2 - Amanhã o Benfica fica a saber quem é o seu adversário na pré-eliminatória de acesso ao play-off da Liga dos Campeões e, ainda, se o jogo se disputará em casa ou fora de casa! Antes do arranque da nossa Liga este novo e renovado  Benfica de Jorge Jesus tem três jogos determinantes. Diria que dos mais importantes desta época que  agora  recomeça. Acredito que tudo será feito para criar as condições para o Benfica ter acesso à fase de grupos da Liga dos Campeões. Aceito que a construção seja feita por etapas em razão, até, do largo  período de novas inscrições definido para o futebol português. Mas o Benfica tem de ter, como decerto a partir dos jogos particulares  será evidenciado (como o de hoje no Estádio da Luz), a coluna central da sua nova equipa sedimentada até aos meados de setembro. Depois da confusão de tantas pretensas contratações importa que o paraíso da estabilidade se afirme e se proclame. Até para que as claques deixem de ser bruxas, os altifalantes baixem o tom dos seus insistentes anúncios - ao que dizem…  nunca tóxicos -, a excitação termine e o plantel se feche  e saibamos, de certeza, com o que, de verdade, contamos. Com a consciência,  desde há séculos , que «quem começou tem metade da obra executada»! Bom recomeço!

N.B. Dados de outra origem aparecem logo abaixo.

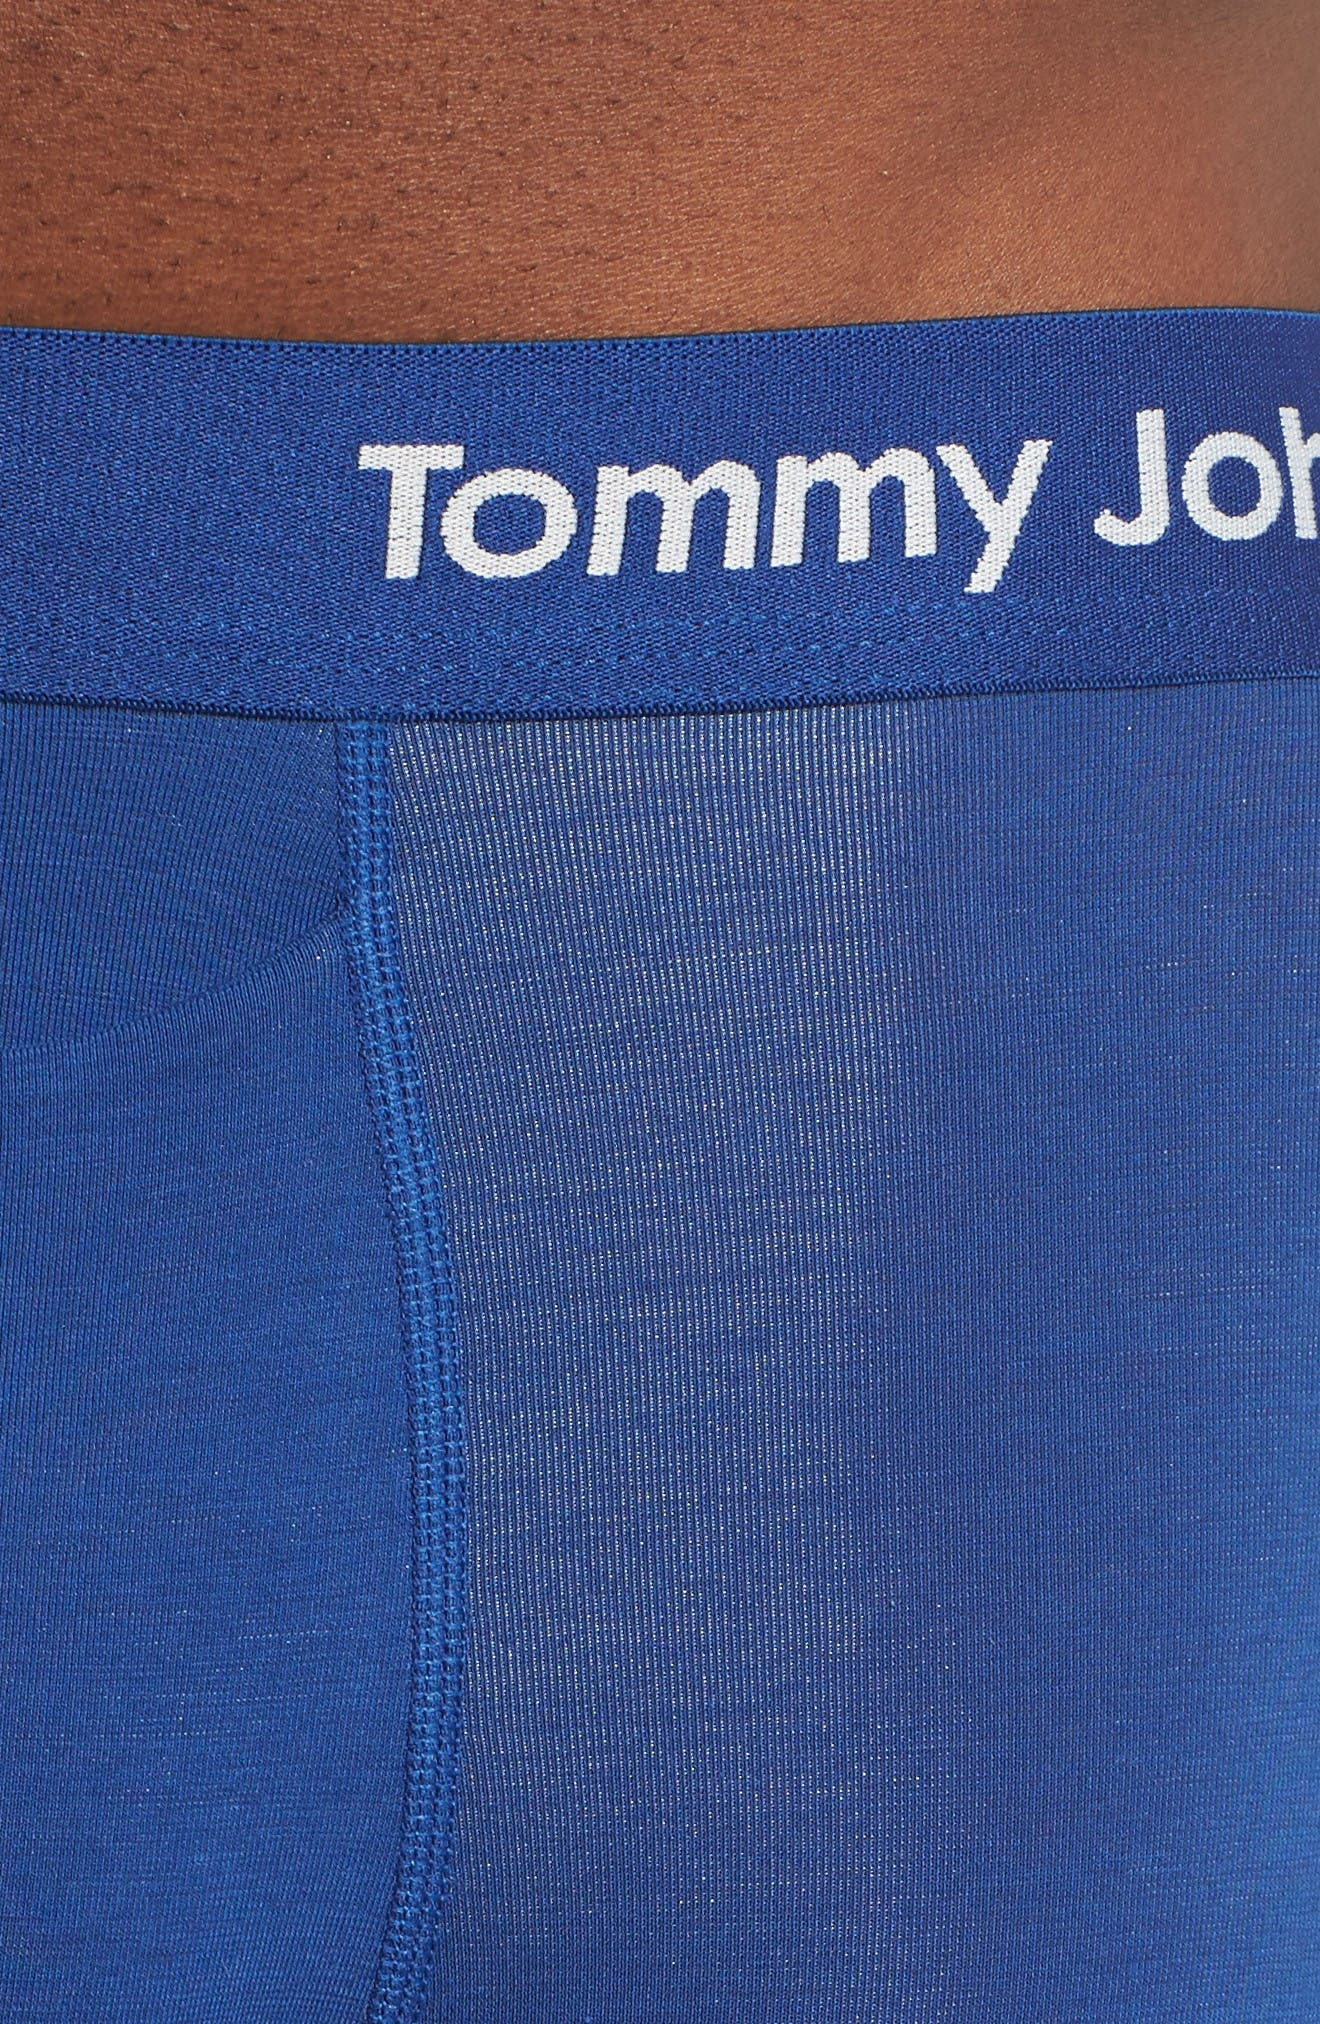 Alternate Image 4  - Tommy John Cool Cotton Boxer Briefs

3 - O terramoto Messi chama a nossa atenção. Também ao nível do direito do desporto, da singularidade da época desportiva que acaba de terminar, da natureza, validade  e âmbito do seu contrato e da sua proclamada cláusula de liberdade. Mas Messi também ajuda a perceber, em ousados termos de geopolítica, a crise de identidade   da Catalunha, as clivagens que dividem Espanha, o problema da monarquia e da forçada ausência do  Rei Emérito, a crise de e no Governo central e, logo, quase que o fim de um ciclo em que Catalunha e o Barcelona  se confundiam. «Mais do que um clube» era a mensagem  mil vezes repetida. Mas o que fica, por excelência, é a construção de uma identidade vencedora que tinha em Messi  a referência, a excelência, o pivot, o capitão, o líder indiscutível. Percebe-se o sentimento de orfandade que invade a cidade, a região, os sócios , os milhões de simpatizantes. A lúcida e sempre sagaz  crónica de Jorge Valdano de ontem neste jornal faz-nos  a síntese: «Vai-se embora porque com 33 anos não pode levantar o Braça sozinho e porque, neste Barça, não pode continuar a ser Messi!»  O que significa que também em Barcelona e no Barcelona pode ter de haver um recomeço!